Exercise directions - Copy out only the span from the line with "Chaitanya Bishnoi SMAT" to the end of the data, both ends kept, word for word.

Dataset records
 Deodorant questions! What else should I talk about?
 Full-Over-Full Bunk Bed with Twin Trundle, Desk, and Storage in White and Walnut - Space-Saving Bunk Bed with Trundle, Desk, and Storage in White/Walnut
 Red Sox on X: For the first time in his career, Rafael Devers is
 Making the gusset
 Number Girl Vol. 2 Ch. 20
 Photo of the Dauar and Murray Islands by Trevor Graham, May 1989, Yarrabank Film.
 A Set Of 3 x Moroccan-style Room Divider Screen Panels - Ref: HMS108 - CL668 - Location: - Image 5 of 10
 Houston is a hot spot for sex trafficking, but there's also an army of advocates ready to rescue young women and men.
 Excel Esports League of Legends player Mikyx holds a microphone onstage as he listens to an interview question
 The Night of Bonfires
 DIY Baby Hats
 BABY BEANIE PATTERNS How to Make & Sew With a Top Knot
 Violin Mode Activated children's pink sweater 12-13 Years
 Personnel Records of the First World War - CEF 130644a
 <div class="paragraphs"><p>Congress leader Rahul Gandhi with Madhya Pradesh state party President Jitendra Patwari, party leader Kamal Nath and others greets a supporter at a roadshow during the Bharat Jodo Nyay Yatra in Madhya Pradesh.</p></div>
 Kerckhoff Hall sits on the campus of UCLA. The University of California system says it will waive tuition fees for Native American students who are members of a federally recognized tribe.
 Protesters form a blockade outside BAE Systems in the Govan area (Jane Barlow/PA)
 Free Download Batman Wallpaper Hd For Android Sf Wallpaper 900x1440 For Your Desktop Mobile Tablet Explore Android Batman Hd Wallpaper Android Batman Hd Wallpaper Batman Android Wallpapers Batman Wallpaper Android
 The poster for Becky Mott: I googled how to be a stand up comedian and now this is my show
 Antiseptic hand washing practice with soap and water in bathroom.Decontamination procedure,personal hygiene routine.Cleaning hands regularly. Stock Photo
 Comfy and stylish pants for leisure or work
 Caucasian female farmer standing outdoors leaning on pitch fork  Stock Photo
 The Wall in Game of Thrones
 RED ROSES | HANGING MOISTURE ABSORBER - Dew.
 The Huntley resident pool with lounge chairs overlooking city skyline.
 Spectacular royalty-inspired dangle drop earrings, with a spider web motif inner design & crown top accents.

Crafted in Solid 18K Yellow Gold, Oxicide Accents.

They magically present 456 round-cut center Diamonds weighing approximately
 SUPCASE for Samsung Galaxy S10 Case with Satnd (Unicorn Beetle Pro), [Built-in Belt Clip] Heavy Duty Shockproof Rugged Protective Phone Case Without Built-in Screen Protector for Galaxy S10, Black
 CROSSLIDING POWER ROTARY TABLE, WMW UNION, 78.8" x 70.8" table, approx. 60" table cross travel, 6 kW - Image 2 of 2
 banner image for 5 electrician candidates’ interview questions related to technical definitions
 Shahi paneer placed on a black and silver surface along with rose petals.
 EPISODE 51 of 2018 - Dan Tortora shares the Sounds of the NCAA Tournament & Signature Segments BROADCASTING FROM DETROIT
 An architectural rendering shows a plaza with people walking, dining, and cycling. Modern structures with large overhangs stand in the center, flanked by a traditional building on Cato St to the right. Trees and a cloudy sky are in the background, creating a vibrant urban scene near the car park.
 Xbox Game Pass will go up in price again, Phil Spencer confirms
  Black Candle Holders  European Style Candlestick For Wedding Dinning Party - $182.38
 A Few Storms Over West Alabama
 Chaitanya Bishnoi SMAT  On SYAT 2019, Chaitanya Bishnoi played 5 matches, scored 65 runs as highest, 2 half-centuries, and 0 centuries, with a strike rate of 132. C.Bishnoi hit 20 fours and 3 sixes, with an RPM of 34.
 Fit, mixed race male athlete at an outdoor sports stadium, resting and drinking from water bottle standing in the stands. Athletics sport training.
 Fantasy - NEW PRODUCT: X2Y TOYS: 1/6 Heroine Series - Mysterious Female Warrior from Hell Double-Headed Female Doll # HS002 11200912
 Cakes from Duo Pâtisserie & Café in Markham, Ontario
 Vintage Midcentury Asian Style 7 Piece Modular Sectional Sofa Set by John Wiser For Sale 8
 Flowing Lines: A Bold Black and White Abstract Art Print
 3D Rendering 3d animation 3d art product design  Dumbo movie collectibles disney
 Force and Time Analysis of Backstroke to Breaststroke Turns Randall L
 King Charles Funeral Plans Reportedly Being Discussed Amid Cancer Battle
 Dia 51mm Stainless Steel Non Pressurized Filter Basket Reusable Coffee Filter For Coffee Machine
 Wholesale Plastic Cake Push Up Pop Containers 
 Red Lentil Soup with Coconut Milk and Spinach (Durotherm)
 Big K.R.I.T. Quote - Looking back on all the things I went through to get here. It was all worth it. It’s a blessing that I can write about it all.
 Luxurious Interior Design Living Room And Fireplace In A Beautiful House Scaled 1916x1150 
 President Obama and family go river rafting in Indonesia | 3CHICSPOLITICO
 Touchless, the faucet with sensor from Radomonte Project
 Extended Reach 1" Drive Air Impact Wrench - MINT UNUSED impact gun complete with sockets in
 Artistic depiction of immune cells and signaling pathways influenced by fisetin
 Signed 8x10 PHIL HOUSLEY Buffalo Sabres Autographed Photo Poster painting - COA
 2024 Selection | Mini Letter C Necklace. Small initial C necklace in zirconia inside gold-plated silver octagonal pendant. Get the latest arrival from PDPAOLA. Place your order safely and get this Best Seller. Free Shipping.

Response -
 Chaitanya Bishnoi SMAT  On SYAT 2019, Chaitanya Bishnoi played 5 matches, scored 65 runs as highest, 2 half-centuries, and 0 centuries, with a strike rate of 132. C.Bishnoi hit 20 fours and 3 sixes, with an RPM of 34.
 Fit, mixed race male athlete at an outdoor sports stadium, resting and drinking from water bottle standing in the stands. Athletics sport training.
 Fantasy - NEW PRODUCT: X2Y TOYS: 1/6 Heroine Series - Mysterious Female Warrior from Hell Double-Headed Female Doll # HS002 11200912
 Cakes from Duo Pâtisserie & Café in Markham, Ontario
 Vintage Midcentury Asian Style 7 Piece Modular Sectional Sofa Set by John Wiser For Sale 8
 Flowing Lines: A Bold Black and White Abstract Art Print
 3D Rendering 3d animation 3d art product design  Dumbo movie collectibles disney
 Force and Time Analysis of Backstroke to Breaststroke Turns Randall L
 King Charles Funeral Plans Reportedly Being Discussed Amid Cancer Battle
 Dia 51mm Stainless Steel Non Pressurized Filter Basket Reusable Coffee Filter For Coffee Machine
 Wholesale Plastic Cake Push Up Pop Containers 
 Red Lentil Soup with Coconut Milk and Spinach (Durotherm)
 Big K.R.I.T. Quote - Looking back on all the things I went through to get here. It was all worth it. It’s a blessing that I can write about it all.
 Luxurious Interior Design Living Room And Fireplace In A Beautiful House Scaled 1916x1150 
 President Obama and family go river rafting in Indonesia | 3CHICSPOLITICO
 Touchless, the faucet with sensor from Radomonte Project
 Extended Reach 1" Drive Air Impact Wrench - MINT UNUSED impact gun complete with sockets in
 Artistic depiction of immune cells and signaling pathways influenced by fisetin
 Signed 8x10 PHIL HOUSLEY Buffalo Sabres Autographed Photo Poster painting - COA
 2024 Selection | Mini Letter C Necklace. Small initial C necklace in zirconia inside gold-plated silver octagonal pendant. Get the latest arrival from PDPAOLA. Place your order safely and get this Best Seller. Free Shipping.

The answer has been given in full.